Personal information
- Born: August 6, 1972 (age 53) Abington, Pennsylvania, U.S.
- Listed height: 6 ft 5 in (1.96 m)
- Listed weight: 280 lb (127 kg)

Career information
- High school: Neshaminy (Middletown Township, Bucks County, Pennsylvania)
- College: Virginia
- NFL draft: 1995: 3rd round, 94th overall pick

Career history
- Cleveland Browns (1995); Baltimore Ravens (1996–1998); New York Jets (1999)*; Tennessee Titans (1999); Philadelphia Eagles (2000)*;
- * Offseason and/or practice squad member only

Awards and highlights
- First-team All-ACC (1994); Dudley Award (1994); Second-team All-ACC (1993);

Career NFL statistics
- Tackles: 40
- Sacks: 2.0
- Fumble recoveries: 1
- Stats at Pro Football Reference

= Mike Frederick =

American football player (born 1972)

Thomas Michael Frederick (born August 6, 1972) is an American former professional football player who was a defensive end in the National Football League (NFL).
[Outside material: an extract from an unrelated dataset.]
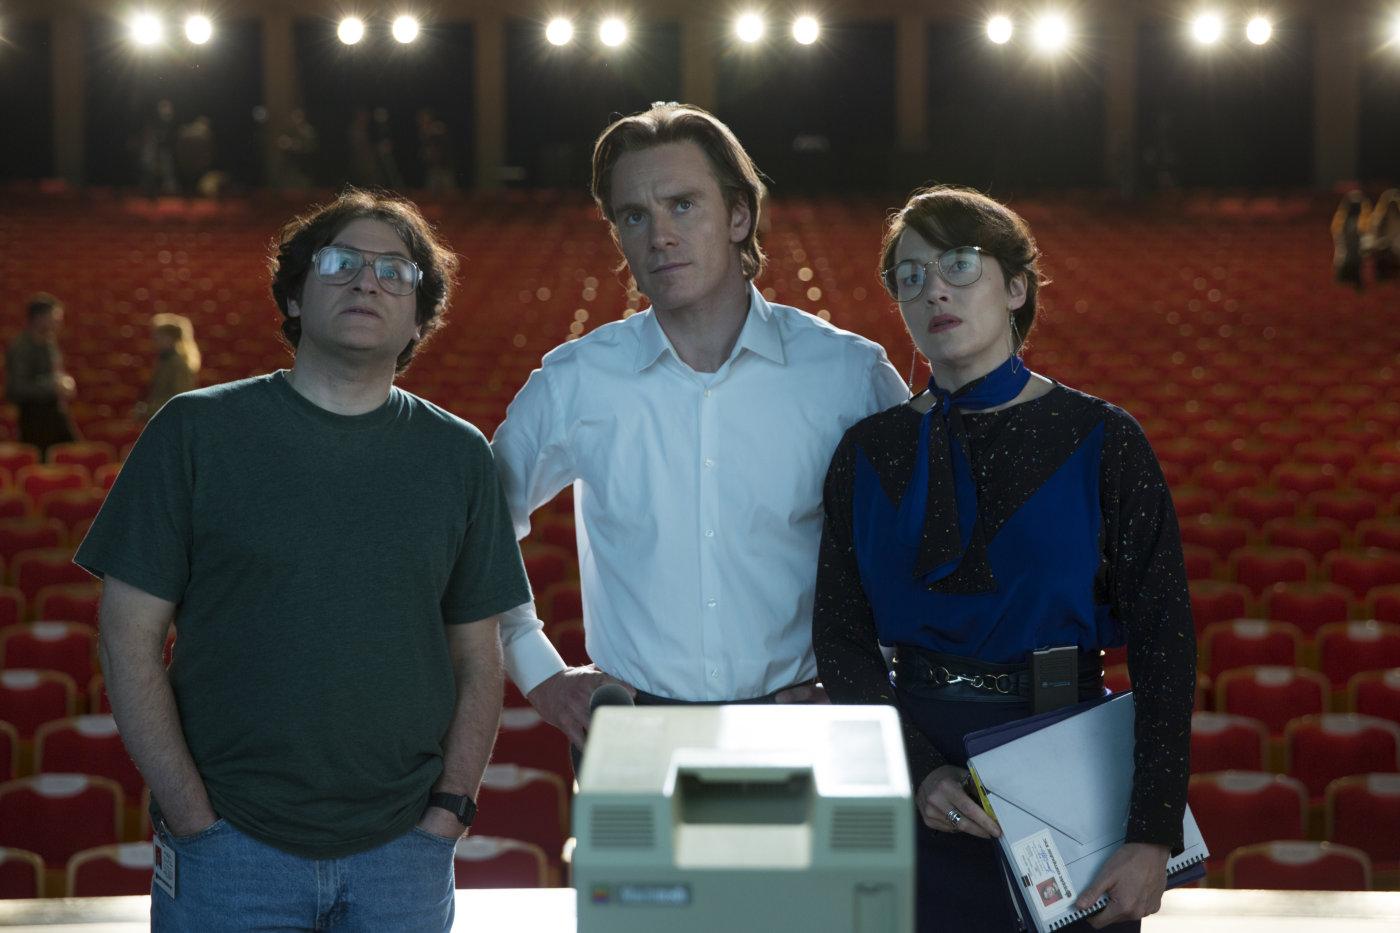 Стив Джобс (Steve Jobs, США, Великобритания, 2015) Режиссёр: Дэнни Бойл

He played college football for the Virginia Cavaliers. He was selected in the 3rd round (94th overall) of the 1995 NFL draft by the Cleveland Browns.

==Professional career==
Fredrick was selected in the third round (94th overall) of the 1995 NFL draft by the Cleveland Browns.

As a rookie, he appeared in 16 games recording 1.5 sacks. In 1996, following the Cleveland Browns relocation controversy and the forming of the Baltimore Ravens, Frederick became a starter for the Ravens at left defensive end where he started 11 games. He remained with the Ravens until 1998 as a back-up. On February 16, 1999 he signed with the New York Jets as an unrestricted free agent. On August 30, 1999 he was released by the Jets. Less than a week later on September 5 he was signed by the Tennessee Titans. While with the Titans, he appeared in 13 games and recorded a half sack. The following offseason, on July 23, 2000 he was signed by the Philadelphia Eagles. On August 27, 2000 he was released by the Eagles.